Reliability | The Networking Nerd

Remember that Slack outage earlier this month? The one that happened when we all got back from vacation and tried to jump on to share cat memes and emojis? We all chalked it up to gremlins and went on going through our pile of email until it came back up. The post-mortem came out yesterday and there were two things that were interesting to me. Both of them have implications on reliability planning and how we handle the worst-case scenarios we come up with.

It’s Out of Our Hands

The first thing that came up in the report was that the specific cause for the outage came from an AWS Transit Gateway not being able to scale fast enough to handle the demand spike that came when we all went back to work on the morning of January 4th. What, the cloud can’t scale?

The cloud is practically limitless when it comes to resources. We can create instances with massive CPU resources or storage allocations or even networking pipelines. However, we can’t create them instantly. No matter how much we need it takes time to do the basic provisioning to get it up and running. It’s the old story of eating an elephant. We do it one bite at a time. Normally we tell the story to talk about breaking a task down into smaller parts. In this case, it’s a reminder that even the biggest thing out there has to be dealt with in small pieces as well.

Slack learned this lesson the hard way. Why? Because they couldn’t foresee a time when their service was so popular that the amount of traffic rushing to their servers crushed the transit gateways. Other companies have had to learn this lesson the hard way too. Disney crawled on launch day because of demand. The release of a new game that requires downloading and patching on Day One also puts stress on servers. Even the lines outside of department stores on Black Friday (in less pandemic-driven years) are examples of what happens when capacity planning doesn’t meet demand.

When you plan for your worst case scenario, you have to think the unthinkable. Instead of asking yourself what might happen if everyone logs on at the same time you also need to ask when happens if they try and something goes wrong. I spent a lot of time in my former job thinking about simple little exercises like VDI boot storms, where office workers can push a storage system to the breaking point by simply turning all their machines on at the same time. It’s the equivalent of being on a shared network resource like a cable modem during the Super Bowl. There aren’t any resources available for you to use.

When we plan for capacity, we have to realize that even our most optimistic projections of usage are going to be conservative if we take off or go viral. Rather than guessing what that might be, take an hour every six months and readjust your projections. See how fast you’re growing. Plan for that crazy scenario where everyone decides to log on at the same time on a day where no one has had their coffee yet. And be ready for what happens when someone throws a wrench into the middle of the process.

What Happens When It Goes Wrong?

The second thing that came up in the Slack post-mortem that is just as worrisome was the behavior of the application when it realized there was a connection timeout. The app started waiting for the pathway to be open again. And guess what happened when AWS was able to scale the transit gateway? Slack clients started hammering the servers with connection requests. The result was something akin to a Distributed Denial-of-Service (DDoS) attack.

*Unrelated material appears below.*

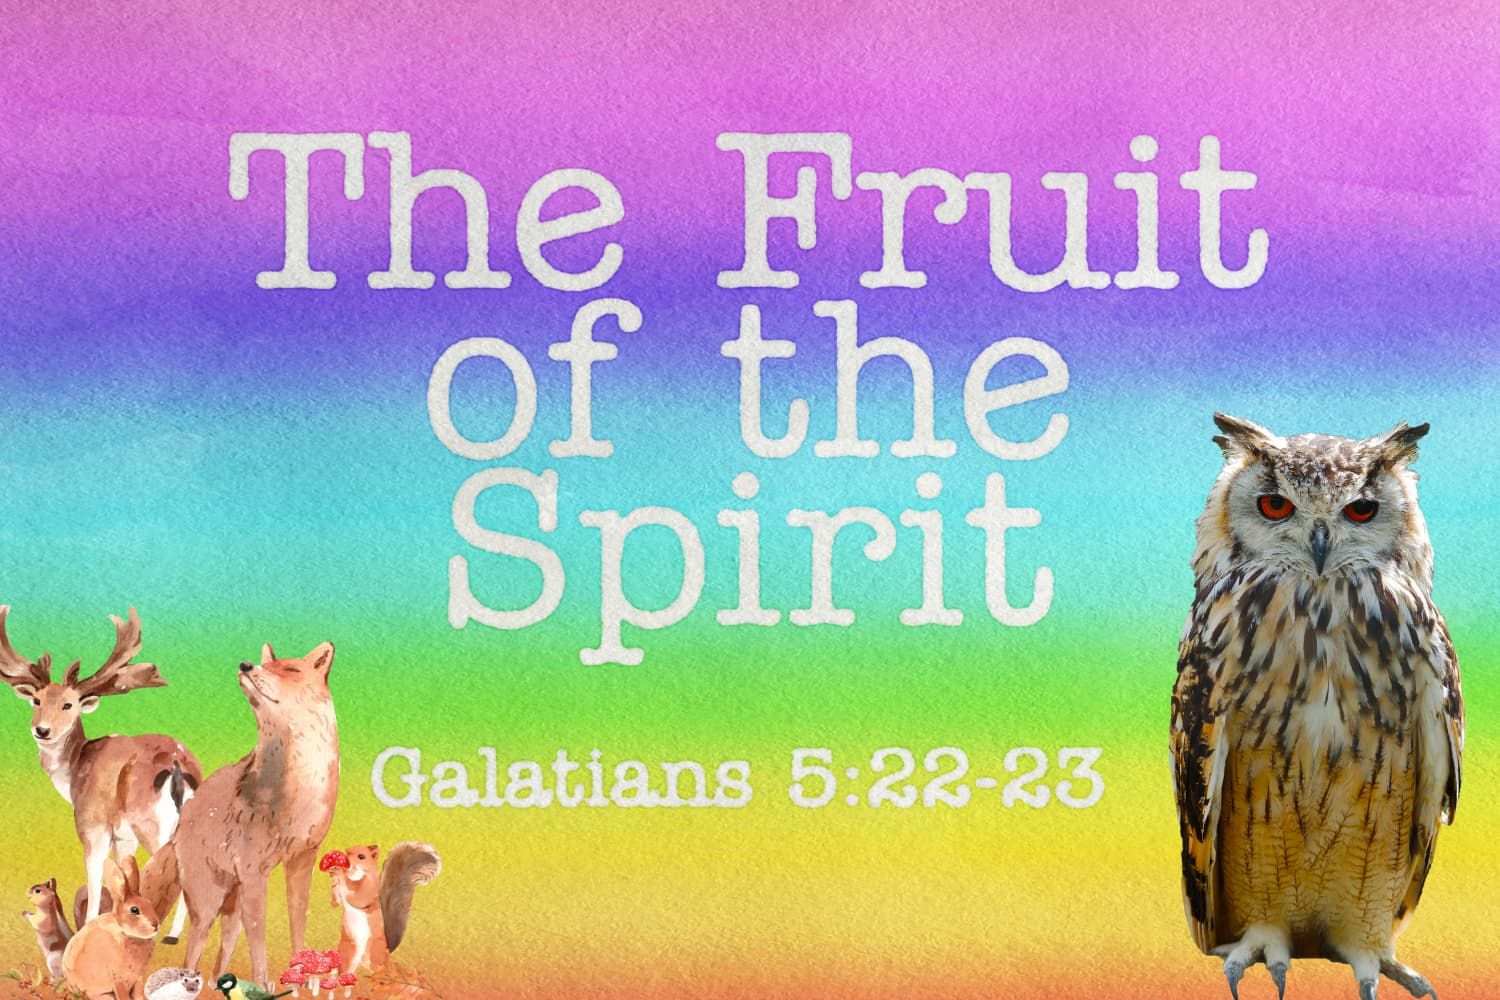 Parable%20-%20Wise%20owl%20and%20fruit%20of%20the%20spirit-d9417540 Bible stories

Why would the Slack client do this? I think it has something to do with the way the developers coded it and didn’t anticipate every client trying to reconnect all at once. It’s not entirely unsound thinking to be honest. How could we live in a world where every Slack user would be disconnected all at once? Yet, we do and it did and look what happened?

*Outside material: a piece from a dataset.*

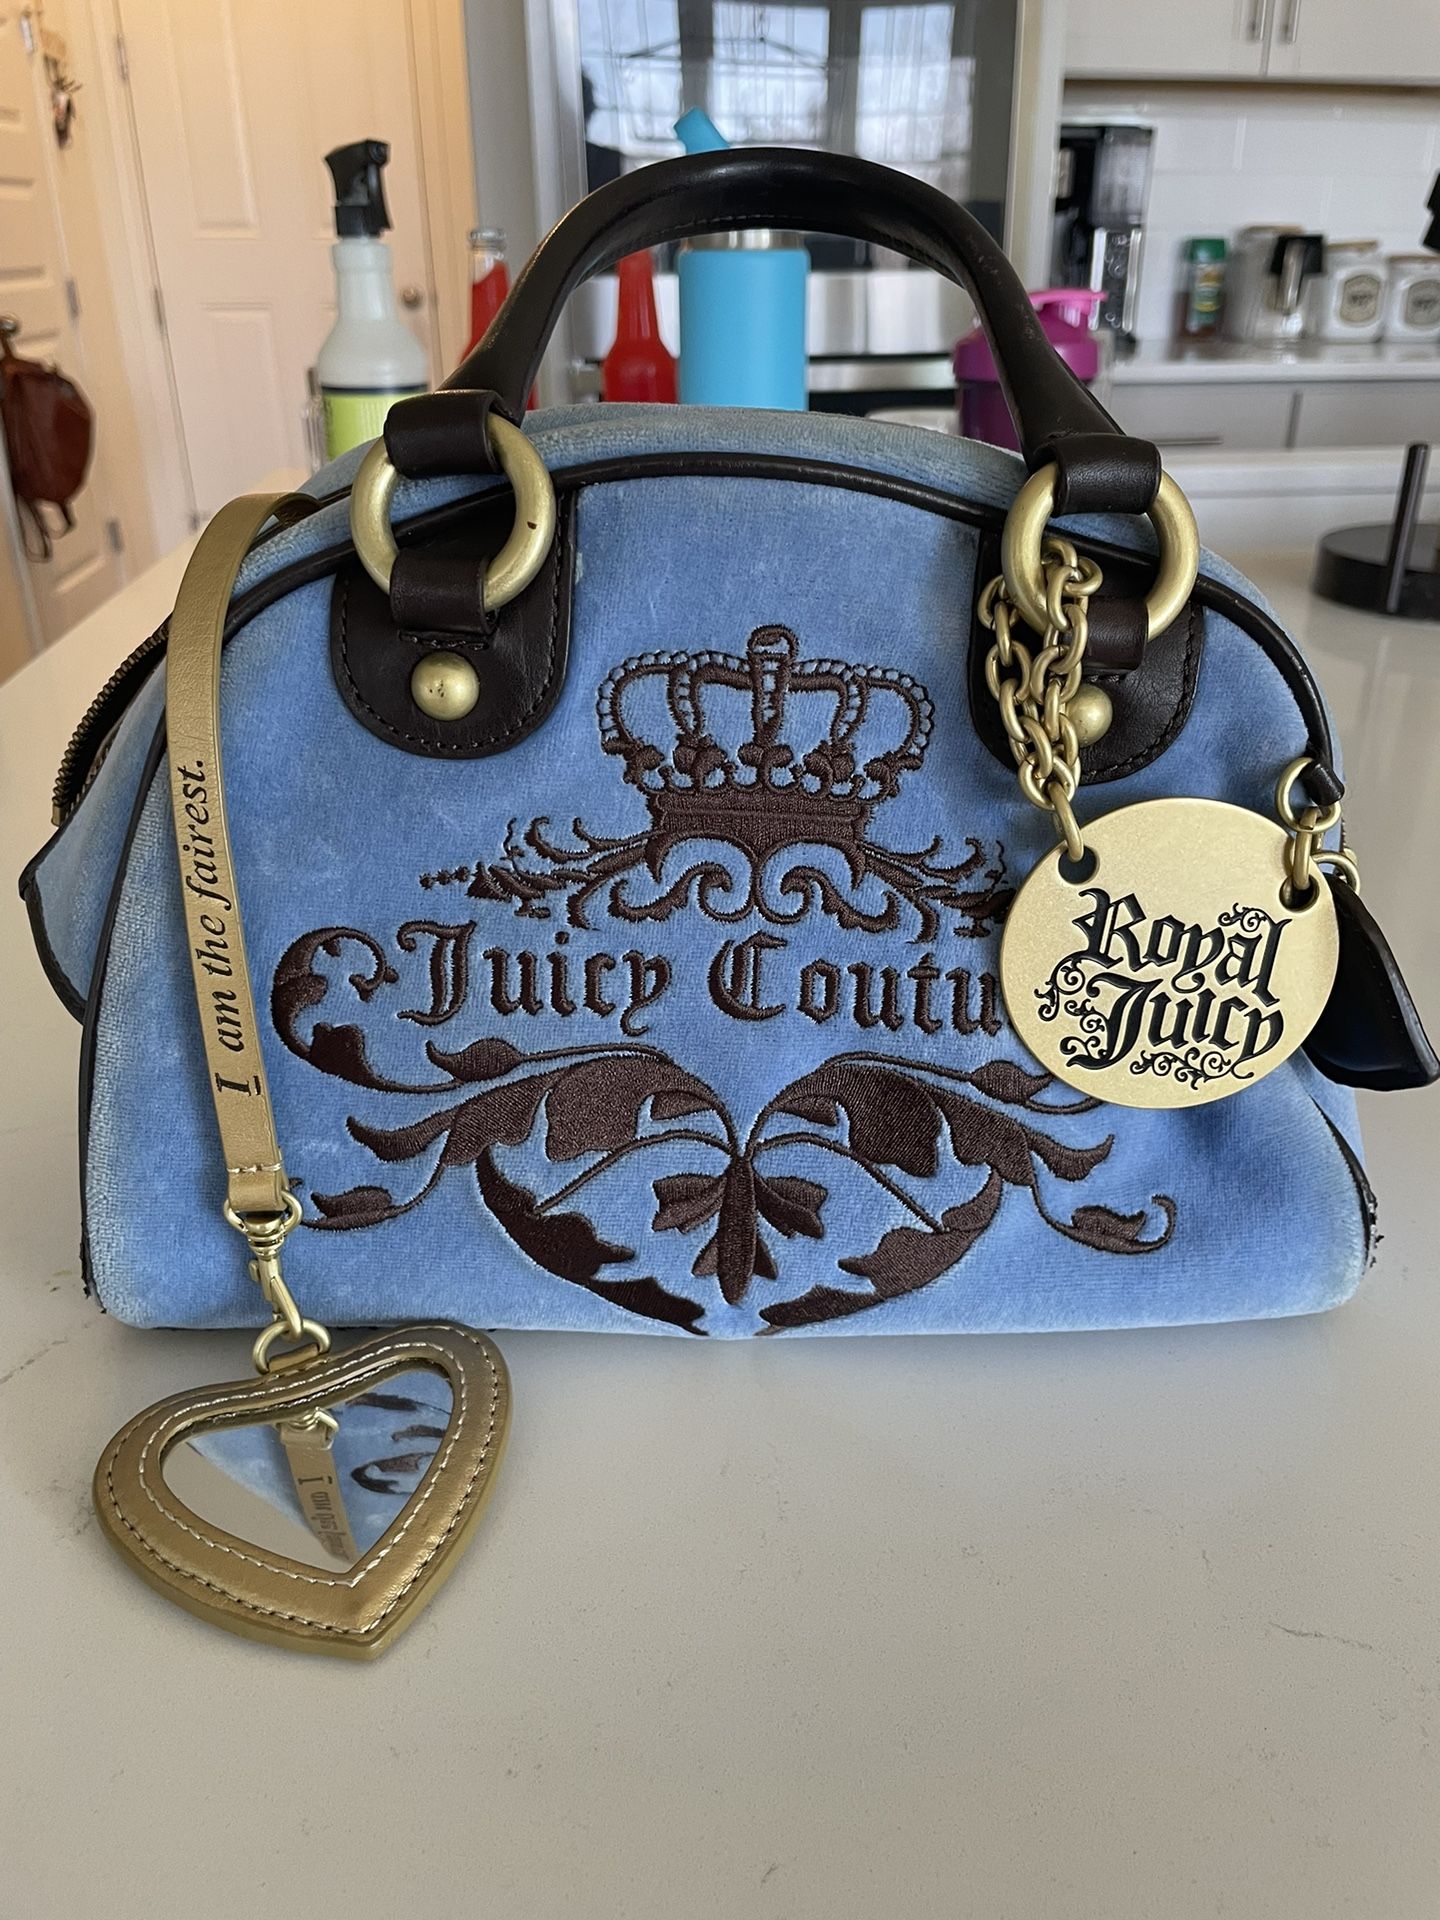 Juicy Couture Bag

Ethernet figured this part out a long time ago. The CSMA/CD method for detecting collisions on a layer 2 connection has an ingenious solution for what happens when a collision is detected. Once it realizes that there was a problem on the wire it stops what is going on and calculates a random backoff timer based on the number of detected collisions. Once that timer has expired it attempts to transmit again. Because there has to be another station involved in a collision incident both stations do this. The random element of the timer calculation ensures that the likelihood of both stations choosing to transmit again at the same time is very, very low.

If Ethernet behaved like the Slack client did we would never resolve collisions. If every station on a layer 2 network immediately tried to retransmit without a backoff timer the bus would be jammed constantly. The architects of the protocol figured out that every station needs a cool off period to clear the wire before trying again. And it needs to be different for every station so there is no overlap.

Slack really needs to take this idea into account. Rather than pouncing on a connection as soon as it’s available there needs to be a backoff timer that prevents the servers from being swamped. Even a few hundred milliseconds per client could have prevented this outage from getting as big as it did. Slack didn’t plan beyond the worst case scenario because they never conceived of their worst case scenario coming to pass. How could it get worse than something we couldn’t imagine happening?

Tom’s Take

If you design systems or call yourself a reliability engineer, you need to develop a hobby of coming up with disastrous scenarios. Think of the worst possible way for something to fail. Now, imagine it getting worse. Assume that nothing will work properly when there is a recovery attempt. Plan for things to be so bad that you’re in a room on fire trying to put everything out while you’re also on fire. It sounds very dramatic but that’s how bad it can get. If you’re ready for that then nothing will surprise you. You also need to make sure you’re going back and thinking of new things all the time. You never know which piece is going to fail and how it will impact what you’re working on. But thinking through it sometimes gives you an idea of where to go when it all goes wrong.